1. Field of the Disclosure
The technology of the disclosure relates to fiber optic housings that support fiber optic modules to provide fiber optic equipment assemblies to support fiber optic connections.
2. Technical Background
The benefits of utilizing optical fiber include extremely wide bandwidth and low noise operation. Because of these advantages, optical fiber is increasingly being used for a variety of applications, including but not limited to broadband voice, video, and data transmission. As a result, fiber optic communications networks include a number of interconnection points at which multiple optical fibers are interconnected. Fiber optic communications networks also include a number of connection terminals, examples of which include, but are not limited to, network access point (NAP) enclosures, aerial closures, below grade closures, pedestals, optical network terminals (ONTs), and network interface devices (NIDs). In certain instances, the connection terminals include connector ports or nodes, typically opening through an external wall of the connection terminal. The connection terminals are used to establish optical connections between optical fibers terminated from the distribution cable and respective optical fibers of one or more “preconnectorized” drop cables, extended distribution cables, tether cables or branch cables, collectively referred to herein as “drop cables.” The connection terminals are used to readily extend fiber optic communications services to a subscriber. In this regard, fiber optic networks are being developed that deliver “fiber-to-the-curb” (FTTC), “fiber-to-the-business” (FTTB), “fiber-to-the-home” (FTTH) and “fiber-to-the-premises” (FTTP), referred to generically as “FTTx.”

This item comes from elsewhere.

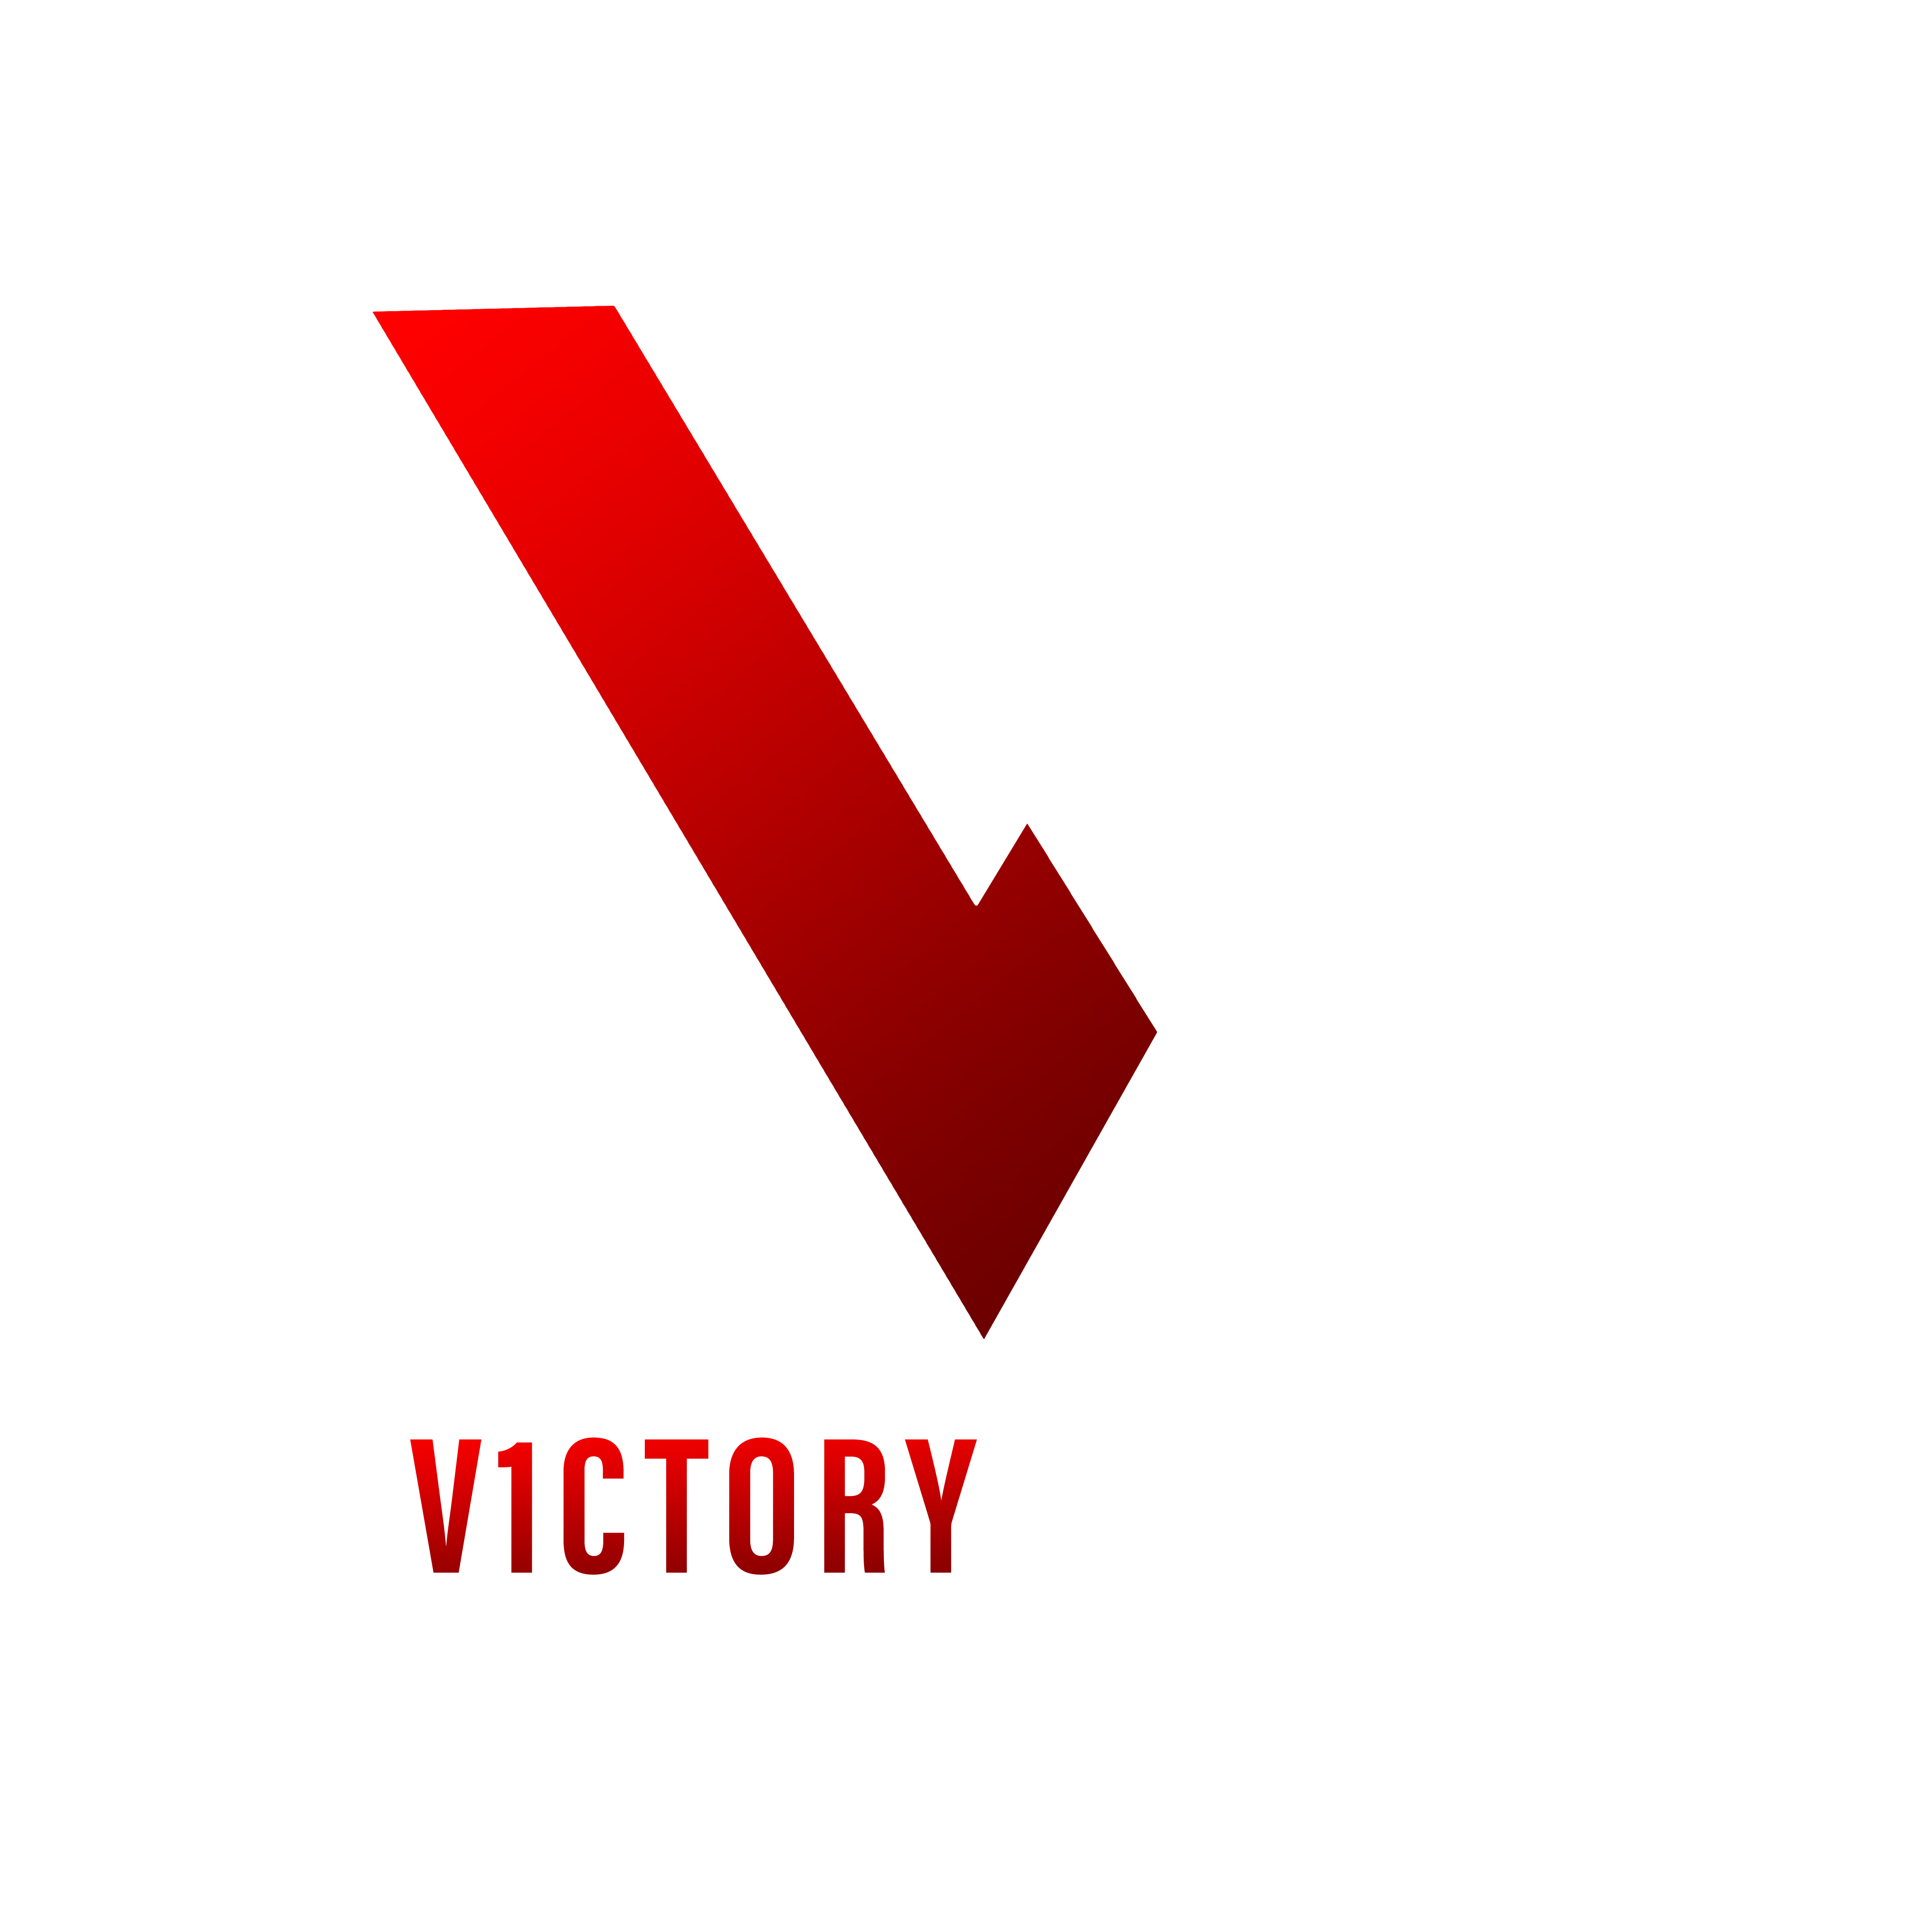 V1CTORY Esports

In conventional FTTx deployments depicted in FIG. 1, a fiber optic network 10 is provided. The fiber optic network 10 may deliver service to subscribers 12 through optical fiber distribution cables 14 and subscriber cables 16. For example, the fiber optic network 10 may begin at a trunk cable 18 originating from a central office 20 leading to a splitter/splice cabinet 22 in the field where a distribution cable 14 is connected. The distribution cable 14 may then be routed aerially or below ground through the residential neighborhood served by the fiber optic network 10. The subscriber cables 16 servicing individual subscribers 12 may be connected with the distribution cable 14 through terminations at mid-span access points 24, branch cables 26, and multi-port splitter boxes 28. The central office 20 may be connected to a geographically-dispersed telecommunications network 30.
At the central office 20, signals may be combined on a single optical fiber 32 of the trunk cable 18 using a multiple access protocol, such as time division multiple access (TDMA). All the subscribers 12 may receive all signals transmitted on the single optical fiber 32 in their subscriber cable 16, but due to encryption may only be able to decipher the signals they have permission to utilize.
The central office 20 may include fiber optic equipment in at least one conventional rack 34 to support the fiber optic network 10; for example, the enhanced management frame (EMF) rack as shown in FIG. 2. The conventional rack 34 may have twenty-four conventional housings 36 wherein half are on the left 35 and half on the right 37.
As illustrated in FIG. 3A, each conventional housing 36 in this example contains six module holders 38 that may slide partially in and out of the conventional housing 36 on slider rails 40. A height dimension and a width dimension of the conventional housing 36 are depicted as H1 and W1 respectively. Conventional measurements dimensions for the width dimension W1 is 8.6-inches and 5.5-inches for the height H1 in this example. The conventional housing 36 is a non-U-width-sized housing because W1 is not 19-inches or 23-inches. As depicted in FIG. 3B, the module holder 38 may comprise a cover 44 and contain a fiber optic module 42 having twelve (12) fiber connections 46. The cover 44 may pivot to enclose the fiber optic module 42, which may be configured with splitters/couplers or wavelength-division multiplexing (WDM) devices.
Generally, more signals may be delivered to subscribers if more fiber connections 46 were available on the conventional rack 34. As the subscribers 12 require more signal bandwidth, there is an unmet need for low-cost solutions at the central office 20 to provide more fiber connections 46 within the conventional rack 34.